Distinguished Service Award 2019

Jamie Stafford
Distinguished Service Award
2019

Professor Jamie Stafford is the recipient of the 2019 Distinguished Service Award from the Statistical Society of Canada (SSC). This award honours an individual who has played an important and substantial role in fostering the growth and success of the Canadian statistical sciences community through leadership in the SSC.
 

Jamie was born in Toronto, and attended the University of Toronto for undergraduate and graduate work, completing his PhD in the Department of Statistics in 1992. During his time at U of T he was also a track star---all Canadian and a veteran of four world championships as a member of the national team. His PhD thesis, under the supervision of David Andrews and Rob Tibshirani, was focussed on asymptotics for likelihood-based inference. The methods of the time involved lengthy expansions and careful collection of terms, and Jamie had the brilliant idea of bypassing these tedious hand calculations with symbolic computation. This work evolved into the book Symbolic Computation for Statistical Inference, with David Andrews, published by OUP in 2000.
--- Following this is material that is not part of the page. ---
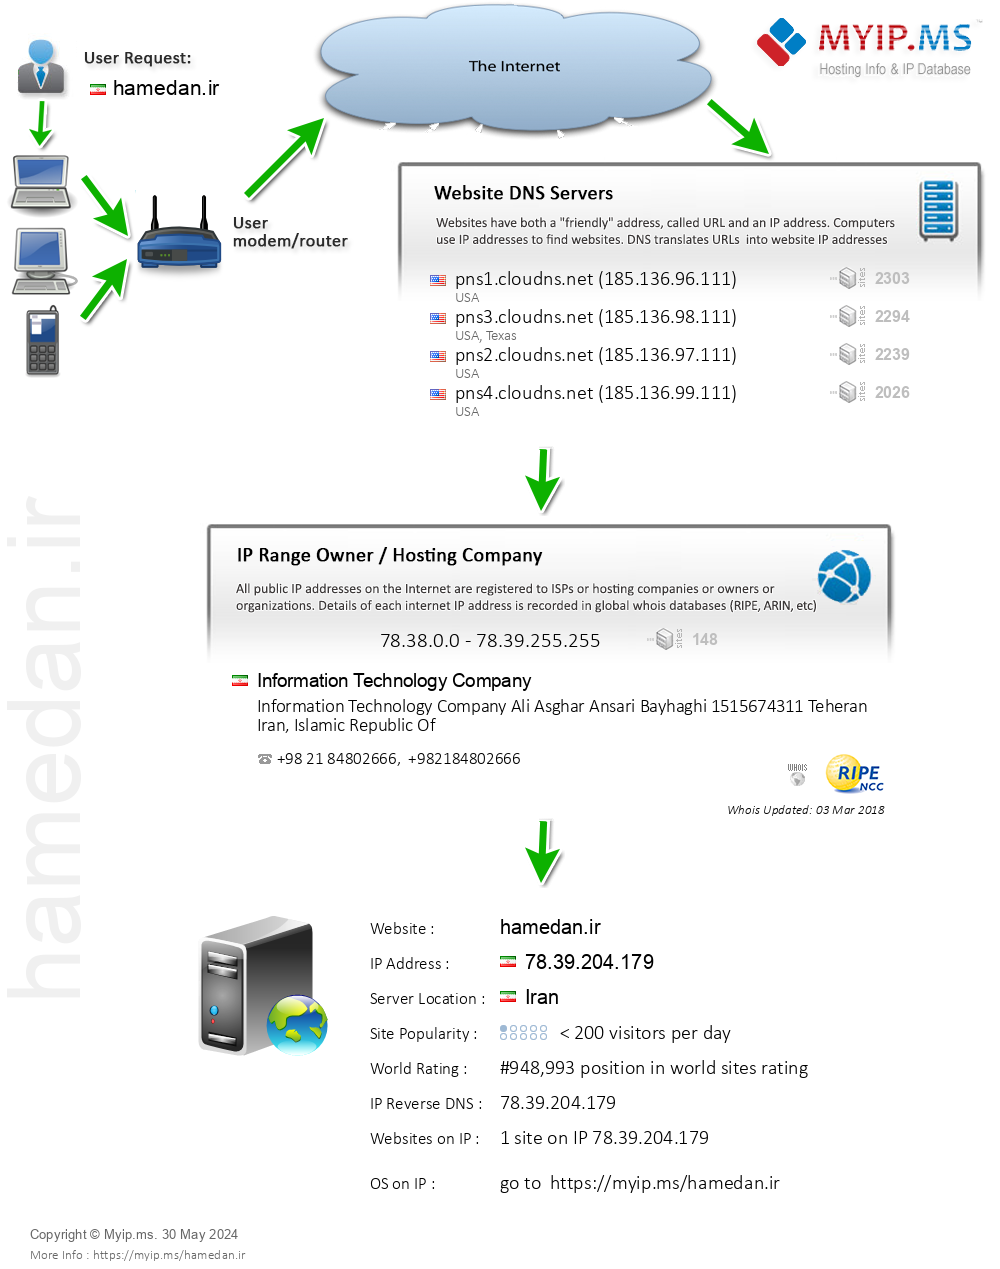 Hamedan.ir - Website Hosting Visual IP Diagram

Jamie held postdoctoral fellowships at the University of Oxford and then at Stanford University, and in 1994 joined the Department of Statistical and Actuarial Sciences at Western University. In 1999 he moved to the University of Toronto in the Departments of Public Health Sciences and Statistical Sciences. His skills in leadership were recognized very early: he was graduate chair at Western, and associate, acting and then interim chair of the Department of Public Health Sciences in the Faculty of Medicine. From 2002 to 2009 he first established, and then led, the National Program on Complex Data Structures. This was a pilot project intended to lead to a national institute for statistical science, and the Canadian Institute for Statistical Sciences is the result. Jamie’s leadership with NPCDS galvanized the community around interdisciplinary research, inspired many students who went on to establish successful research collaborations, and set the stage for the current success of CANSSI. While juggling all these administrative roles he continued to develop research programs in spatial data analysis, survey sampling, and spatio-temporal models, with a special emphasis on local smoothing methods applied to this non-standard and complex data.

In 2008 Jamie was appointed Chair of the Department of Statistics, and for the next ten years led a remarkable period of expansion of the department. During those ten years undergraduate enrollment in statistics programs increased by ten-fold. Jamie managed this growth with grace and vision. He developed a core of teaching stream faculty to provide pedagogical leadership in the department. He managed a large increase in administrative positions to help the department cope with the flood of students. Most importantly he established the department as a recognized research resource across campus, primarily through a number of targetted and joint appointments in a wide range of application areas, including biostatistics, computer science, sociology, astronomy and astrophysics, and psychology. In addition to advancing statistical science at the University of Toronto these efforts have provided a model for other groups in Canada to look to as their student numbers increase. 

Jamie has three children with Maria Luisa Gardner, R.I.P.: Gabriela, Lucia and Nicholas, and two step-children, with Leanne Shafir: Talia and Gabrielle. Jamie continues to run regularly, but finds he cannot keep up with his spouse or any of his children!
 

The citation for the award reads: 

“To James E. Stafford, for his vision in developing the National Program on Complex Data Structures, the forerunner of the Canadian Statistical Sciences Institute (CANSSI), for his enthusiastic and dynamic leadership in statistical science across Canada, and for hosting the 2014 Annual Meeting of the SSC.”
 

Nancy Reid was primarily responsible for preparing this material.